Si hay un escritor que me ha marcado, ese ha sido Dominque Lapierre. A través de sus libros he conocido lugares que me impresionaron hasta tal punto que los tuve que ver con mis propios ojos. Historias de personas que tuve que vivir.
El primer libro suyo que leí fue la Ciudad de la alegría, donde cuenta el día a día de un slum (barrio marginal) de Calcuta y lo que un hombre puede llegar a hacer. No pasaron ni dos años y estaba yo en Calcuta, pues tenía que ver aquello. Pasaron los años, y después de “Esta noche la libertad” (también de la india), “O llevaras luto por mí” (La historia reciente de España a través de los ojos de un torero), llego a mis manos “Oh Jerusalén”, donde se narraba el nacimiento del estado de Israel. Y al cabo de un año estaba en Budapest cogiendo un avión para Tel Aviv y de ahí a Jerusalén. Y con “Arde Paris” me sentí como un soldado aliado cuando baje del tren en La Gare de Austerlitz.

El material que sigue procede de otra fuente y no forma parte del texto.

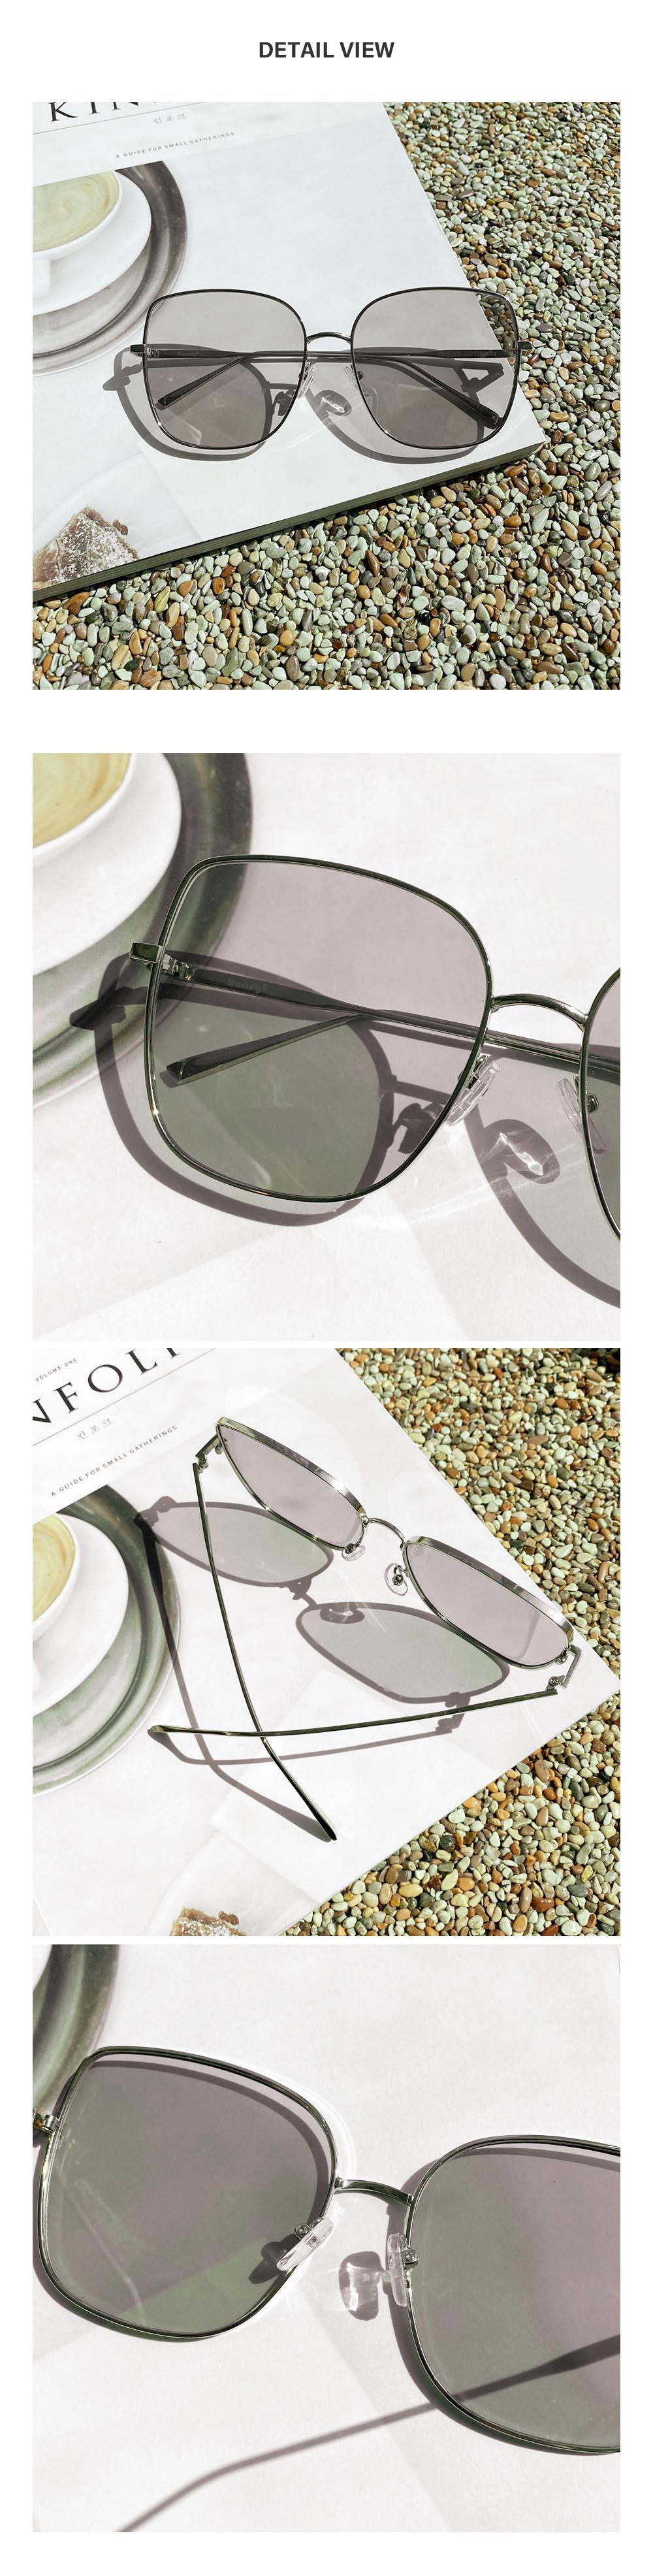 over cats square sunglasses

Ahora Dominque Lapierre publica “Un arco iris en la noche”. El libro comienza el 6 de abril de 1652, cuando unos jardineros Holandeses desembarca en la punta más austral de África, para fundar la historia de un país que todavía no existe: Sudáfrica. Un país donde un pueblo de 4 millones de blancos creará el Apartheid, una dictadura que se llevará la vida de cientos de miles de victimas negras, pero de la que surgirá un gigante de nuestro tiempo: Nelson Mandela.
Visto lo visto. ¿Cuánto falta para que mi avión despegue rumbo a Johannesburgo? Leer más...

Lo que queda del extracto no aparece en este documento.